▸ What is expected: Among the lines of data below, reproduce only those from the one with "Direct dipping cooled" through the one with "The Beatles Steel Wall Sign: Help!", exactly as they stand, both ends included.

──────────

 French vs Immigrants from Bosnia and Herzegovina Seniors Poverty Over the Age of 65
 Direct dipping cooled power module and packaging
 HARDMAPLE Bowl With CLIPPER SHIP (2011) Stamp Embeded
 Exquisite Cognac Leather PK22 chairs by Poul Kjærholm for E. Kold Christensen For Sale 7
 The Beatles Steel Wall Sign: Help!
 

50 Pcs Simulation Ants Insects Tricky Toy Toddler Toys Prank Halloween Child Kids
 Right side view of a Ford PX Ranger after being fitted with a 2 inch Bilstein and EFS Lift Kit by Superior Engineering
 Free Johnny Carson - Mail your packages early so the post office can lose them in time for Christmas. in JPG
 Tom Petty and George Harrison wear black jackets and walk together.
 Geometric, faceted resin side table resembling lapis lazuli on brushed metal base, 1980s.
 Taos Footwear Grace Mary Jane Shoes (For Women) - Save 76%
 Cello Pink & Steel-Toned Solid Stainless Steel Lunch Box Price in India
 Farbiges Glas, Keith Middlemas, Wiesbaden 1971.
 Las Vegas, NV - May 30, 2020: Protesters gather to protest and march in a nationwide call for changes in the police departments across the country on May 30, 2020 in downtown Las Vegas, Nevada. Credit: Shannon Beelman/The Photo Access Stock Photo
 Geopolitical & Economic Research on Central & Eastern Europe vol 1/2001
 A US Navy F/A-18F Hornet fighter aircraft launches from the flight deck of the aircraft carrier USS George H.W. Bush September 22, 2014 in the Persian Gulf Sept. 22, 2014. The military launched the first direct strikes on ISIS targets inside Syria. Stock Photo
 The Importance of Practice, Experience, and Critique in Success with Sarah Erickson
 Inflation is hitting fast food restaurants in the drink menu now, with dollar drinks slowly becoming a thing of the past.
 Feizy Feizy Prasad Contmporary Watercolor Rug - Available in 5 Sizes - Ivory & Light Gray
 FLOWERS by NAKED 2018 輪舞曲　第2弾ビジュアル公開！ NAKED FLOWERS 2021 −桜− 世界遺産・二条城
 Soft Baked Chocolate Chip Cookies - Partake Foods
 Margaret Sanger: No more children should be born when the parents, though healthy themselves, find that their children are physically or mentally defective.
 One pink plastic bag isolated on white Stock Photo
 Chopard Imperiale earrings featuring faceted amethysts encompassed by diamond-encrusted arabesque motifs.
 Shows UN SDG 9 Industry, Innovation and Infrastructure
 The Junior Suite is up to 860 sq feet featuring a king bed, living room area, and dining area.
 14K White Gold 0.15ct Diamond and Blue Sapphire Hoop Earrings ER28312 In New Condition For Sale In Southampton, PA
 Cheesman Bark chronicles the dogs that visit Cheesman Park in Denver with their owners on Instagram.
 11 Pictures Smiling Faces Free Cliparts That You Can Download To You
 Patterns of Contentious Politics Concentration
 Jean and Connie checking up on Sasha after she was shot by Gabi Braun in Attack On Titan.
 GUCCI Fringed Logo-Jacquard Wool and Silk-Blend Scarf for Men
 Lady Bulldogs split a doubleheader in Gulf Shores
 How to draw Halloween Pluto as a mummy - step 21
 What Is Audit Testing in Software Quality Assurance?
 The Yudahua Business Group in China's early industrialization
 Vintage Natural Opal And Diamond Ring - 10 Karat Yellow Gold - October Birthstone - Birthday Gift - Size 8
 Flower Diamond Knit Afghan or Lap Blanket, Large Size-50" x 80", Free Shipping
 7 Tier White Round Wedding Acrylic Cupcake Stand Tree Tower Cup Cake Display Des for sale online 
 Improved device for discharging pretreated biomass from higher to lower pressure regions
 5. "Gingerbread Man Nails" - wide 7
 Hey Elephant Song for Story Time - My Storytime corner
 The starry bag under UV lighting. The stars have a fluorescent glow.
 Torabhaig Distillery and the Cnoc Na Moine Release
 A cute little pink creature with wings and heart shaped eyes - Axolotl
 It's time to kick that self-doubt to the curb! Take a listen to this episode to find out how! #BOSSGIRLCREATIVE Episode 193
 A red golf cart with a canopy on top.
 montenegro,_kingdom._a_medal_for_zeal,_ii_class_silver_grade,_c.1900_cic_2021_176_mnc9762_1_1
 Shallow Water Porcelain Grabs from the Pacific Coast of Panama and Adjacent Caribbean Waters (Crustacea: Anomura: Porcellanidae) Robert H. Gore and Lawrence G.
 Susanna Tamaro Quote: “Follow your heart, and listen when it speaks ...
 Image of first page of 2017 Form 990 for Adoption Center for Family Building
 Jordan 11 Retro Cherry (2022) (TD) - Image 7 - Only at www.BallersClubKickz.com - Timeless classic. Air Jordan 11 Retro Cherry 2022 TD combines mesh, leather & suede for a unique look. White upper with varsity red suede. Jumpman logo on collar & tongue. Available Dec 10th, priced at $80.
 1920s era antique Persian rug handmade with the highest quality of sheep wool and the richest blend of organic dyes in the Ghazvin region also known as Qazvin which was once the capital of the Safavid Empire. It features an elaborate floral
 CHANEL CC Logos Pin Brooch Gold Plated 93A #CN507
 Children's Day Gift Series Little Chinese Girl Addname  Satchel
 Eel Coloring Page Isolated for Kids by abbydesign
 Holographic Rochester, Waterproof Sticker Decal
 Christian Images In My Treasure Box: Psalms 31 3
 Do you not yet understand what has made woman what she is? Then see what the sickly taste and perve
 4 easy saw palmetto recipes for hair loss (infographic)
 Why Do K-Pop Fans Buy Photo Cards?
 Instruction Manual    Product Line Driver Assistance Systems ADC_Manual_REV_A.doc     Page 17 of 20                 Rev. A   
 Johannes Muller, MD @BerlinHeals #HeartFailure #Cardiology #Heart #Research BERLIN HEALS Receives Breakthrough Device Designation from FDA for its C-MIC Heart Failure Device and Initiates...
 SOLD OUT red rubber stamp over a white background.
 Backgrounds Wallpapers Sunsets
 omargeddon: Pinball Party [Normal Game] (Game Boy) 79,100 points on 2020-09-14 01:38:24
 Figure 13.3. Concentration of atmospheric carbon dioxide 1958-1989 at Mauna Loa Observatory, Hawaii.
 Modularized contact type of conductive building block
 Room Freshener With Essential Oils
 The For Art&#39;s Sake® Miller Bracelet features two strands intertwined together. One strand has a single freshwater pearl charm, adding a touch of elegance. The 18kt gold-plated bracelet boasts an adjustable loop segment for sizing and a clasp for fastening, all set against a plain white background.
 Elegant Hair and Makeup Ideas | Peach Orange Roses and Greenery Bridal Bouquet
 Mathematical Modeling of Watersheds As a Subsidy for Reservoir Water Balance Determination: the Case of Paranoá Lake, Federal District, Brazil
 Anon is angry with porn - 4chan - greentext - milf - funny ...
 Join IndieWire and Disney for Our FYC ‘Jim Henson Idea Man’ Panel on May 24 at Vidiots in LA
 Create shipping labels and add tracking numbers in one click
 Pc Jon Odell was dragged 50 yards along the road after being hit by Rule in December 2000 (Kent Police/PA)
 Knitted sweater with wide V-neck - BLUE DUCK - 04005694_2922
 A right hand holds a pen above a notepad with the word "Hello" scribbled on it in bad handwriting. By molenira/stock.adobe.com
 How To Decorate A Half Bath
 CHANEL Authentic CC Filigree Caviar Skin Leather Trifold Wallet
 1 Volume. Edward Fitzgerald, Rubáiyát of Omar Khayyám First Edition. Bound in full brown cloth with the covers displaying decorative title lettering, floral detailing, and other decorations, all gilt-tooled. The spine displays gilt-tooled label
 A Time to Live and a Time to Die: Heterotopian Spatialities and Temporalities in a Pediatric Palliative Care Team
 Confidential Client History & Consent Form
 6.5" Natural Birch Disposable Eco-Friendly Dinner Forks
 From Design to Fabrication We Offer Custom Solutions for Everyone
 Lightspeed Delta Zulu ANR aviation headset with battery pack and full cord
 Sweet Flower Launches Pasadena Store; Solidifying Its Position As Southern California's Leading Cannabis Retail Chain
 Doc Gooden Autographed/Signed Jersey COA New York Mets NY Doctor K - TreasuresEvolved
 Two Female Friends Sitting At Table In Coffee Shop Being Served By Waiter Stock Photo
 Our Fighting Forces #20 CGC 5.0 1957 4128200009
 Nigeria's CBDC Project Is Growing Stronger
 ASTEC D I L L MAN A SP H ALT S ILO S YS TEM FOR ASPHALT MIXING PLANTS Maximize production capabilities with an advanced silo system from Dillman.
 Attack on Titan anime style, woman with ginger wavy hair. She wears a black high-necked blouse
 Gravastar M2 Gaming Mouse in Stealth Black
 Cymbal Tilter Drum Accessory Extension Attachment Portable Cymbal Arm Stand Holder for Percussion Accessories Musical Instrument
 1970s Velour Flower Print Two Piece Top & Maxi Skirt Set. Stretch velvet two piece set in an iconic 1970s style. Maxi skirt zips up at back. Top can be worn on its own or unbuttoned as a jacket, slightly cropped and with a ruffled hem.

──────────

▸ Task response:
 Direct dipping cooled power module and packaging
 HARDMAPLE Bowl With CLIPPER SHIP (2011) Stamp Embeded
 Exquisite Cognac Leather PK22 chairs by Poul Kjærholm for E. Kold Christensen For Sale 7
 The Beatles Steel Wall Sign: Help!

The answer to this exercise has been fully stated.